OPINION FILED JULY 25, 1980.

JOHN CALVIN COLSON, PH.D., PLAINTIFF-APPELLANT,

v.

LEWIS STIEG, DEFENDANT-APPELLEE.



APPEAL from the Circuit Court of De Kalb County; the Hon. CARL A. SWANSON, JR., Judge, presiding.

MR. JUSTICE VAN DEUSEN DELIVERED THE OPINION OF THE COURT:

Plaintiff appeals from an order of the trial court granting defendant's motion to dismiss plaintiff's amended complaint.

The defendant urged three grounds as bases for his motion to dismiss: First, under the innocent construction rule, two alleged defamatory statements were non-actionable as a matter of law; second, the statements were privileged; and third, the complaint failed properly to allege actual malice in that it failed to allege sufficient facts to support such a claim.

Plaintiff was an associate professor in the department of library sciences at Northern Illinois University who sought tenure and promotion. The suit arose as a result of statements allegedly made by the defendant, the department chairman, at meetings of the department of library science personnel committee held for the purpose of evaluating plaintiff's performance and for recommendation regarding his tenure and promotion. The amended complaint charged that at a meeting on October 3, 1977, defendant allegedly stated:

"I have information I cannot divulge which reflects adversely on John's performance as a teacher" (hereinafter referred to as statement 1).

It also charged that at a subsequent meeting on April 4, 1978, the defendant allegedly stated:

"I have counseled John many times about his teaching and the documents which would prove the counseling are missing from the department files under suspicious circumstances" (hereinafter referred to as statement 2).

• 1 Plaintiff contends that these statements are slanderous per se since statement 1 imputes to plaintiff an inability to perform the duties of his office or employment and statement 2 imputes to plaintiff the commission of a crime.
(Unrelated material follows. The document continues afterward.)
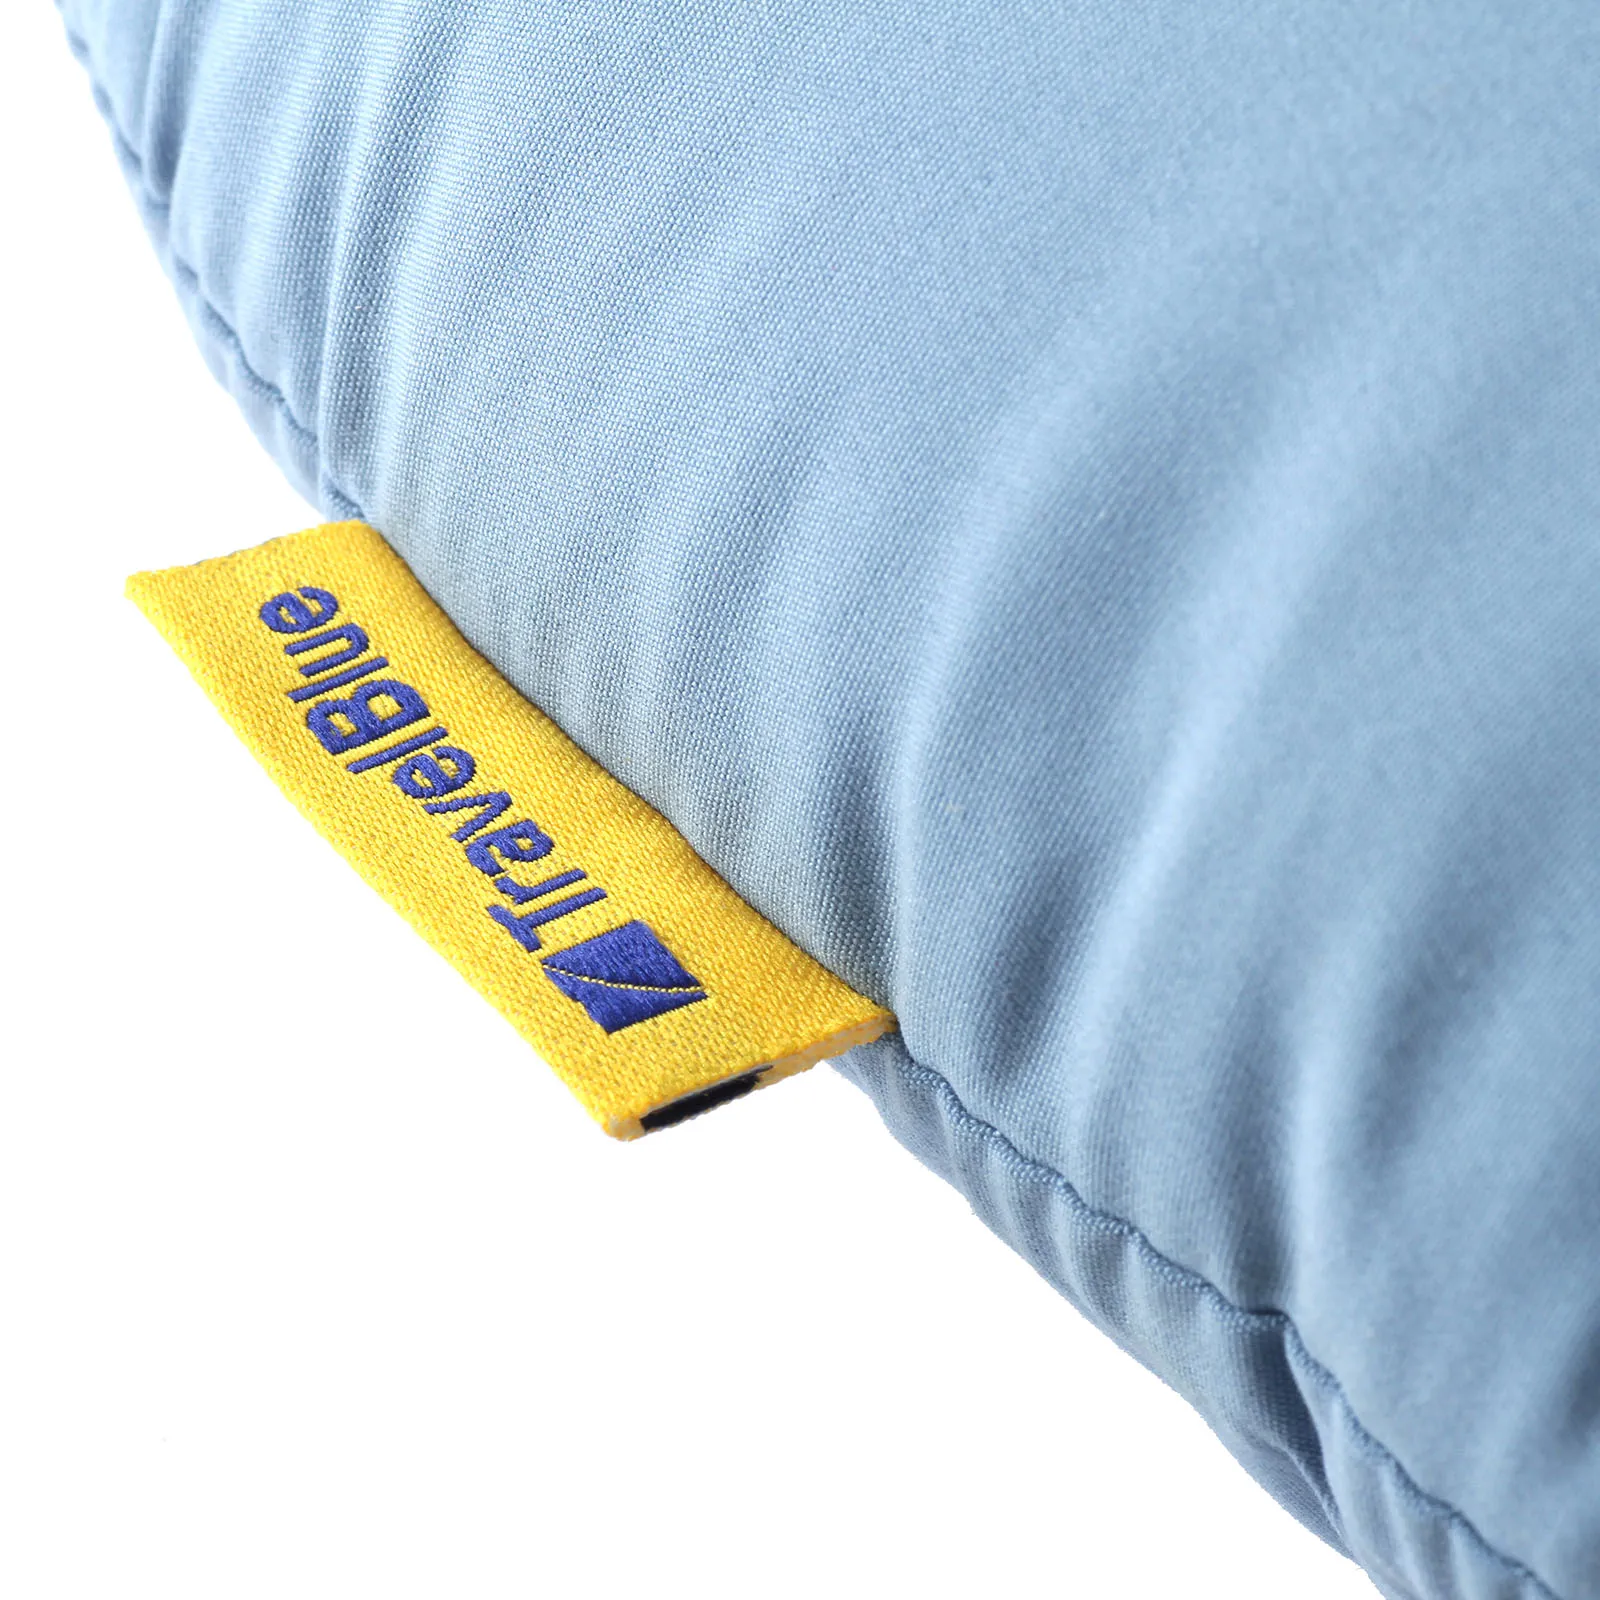 Подушка для путешествий Travel Blue Ultimate Pillow (голубой)

It is, of course, well established that classes of words are held to be libelous per se or slanderous per se if they impute the commission of a criminal offense or the inability to perform or want of integrity in the discharge of duties of office or employment. (Catalano v. Pechous (1978), 69 Ill. App.3d 797, 805.) If the words are slanderous per se, damages are presumed; if not, slanderous words are generally actionable only upon a proper averment of special damages. Catalano v. Pechous (1978), 69 Ill. App.3d 797, 805.

Defendant asserts, however, that the application of the innocent construction rule to the statements in question would require a finding that they are not actionable as a matter of law.

The innocent construction rule applicable in defamation cases, which was enunciated by our supreme court in John v. Tribune Co. (1962), 24 Ill.2d 437, 442, cert. denied (1962), 371 U.S. 877, 9 L.Ed.2d 114, 83 S.Ct. 148, states that offending language "is to be read as a whole and the words given their natural and obvious meaning, and requires that words allegedly libelous that are capable of being read innocently must be so read and declared non-actionable as a matter of law." This rule requires that the meaning of a statement be gathered not only from words singled out as libelous but also from the context in which they are used. (Sloan v. Hatton (1978), 66 Ill. App.3d 41, 43; Valentine v. North American Company for Life & Health Insurance (1973), 16 Ill. App.3d 277, 280, aff'd (1974), 60 Ill.2d 168.) The surrounding circumstances and the events that led to the utterance must be examined very closely and the words judged accordingly. (Sloan v. Hatton (1978), 66 Ill. App.3d 41, 43; Stanley v. Taylor (1972), 4 Ill. App.3d 98, 104-05, cert. denied (1972), 409 U.S. 983, 34 L.Ed.2d 247, 93 S.Ct. 321.) If the alleged defamatory matter is ambiguous or if the words are reasonably susceptible of an innocent meaning, then they will be given an innocent construction, and the rule applies to slander as well as libel. (Moricoli v. Schwartz (1977), 46 Ill. App.3d 481, 483; Roemer v. Zurich Insurance Co. (1975), 25 Ill. App.3d 606, 611.) Whether language is susceptible of an innocent construction is a question of law for the court to determine (Valentine v. North American Co. (1974), 60 Ill.2d 168, 171; Anderson v. Matz (1978), 67 Ill. App.3d 175, 178; Moricoli v. Schwartz (1977), 46 Ill. App.3d 481, 483) by reading the language "`stripped of innuendo.'" Zeinfeld v. Hayes Freight Lines, Inc. (1968), 41 Ill.2d 345, 348.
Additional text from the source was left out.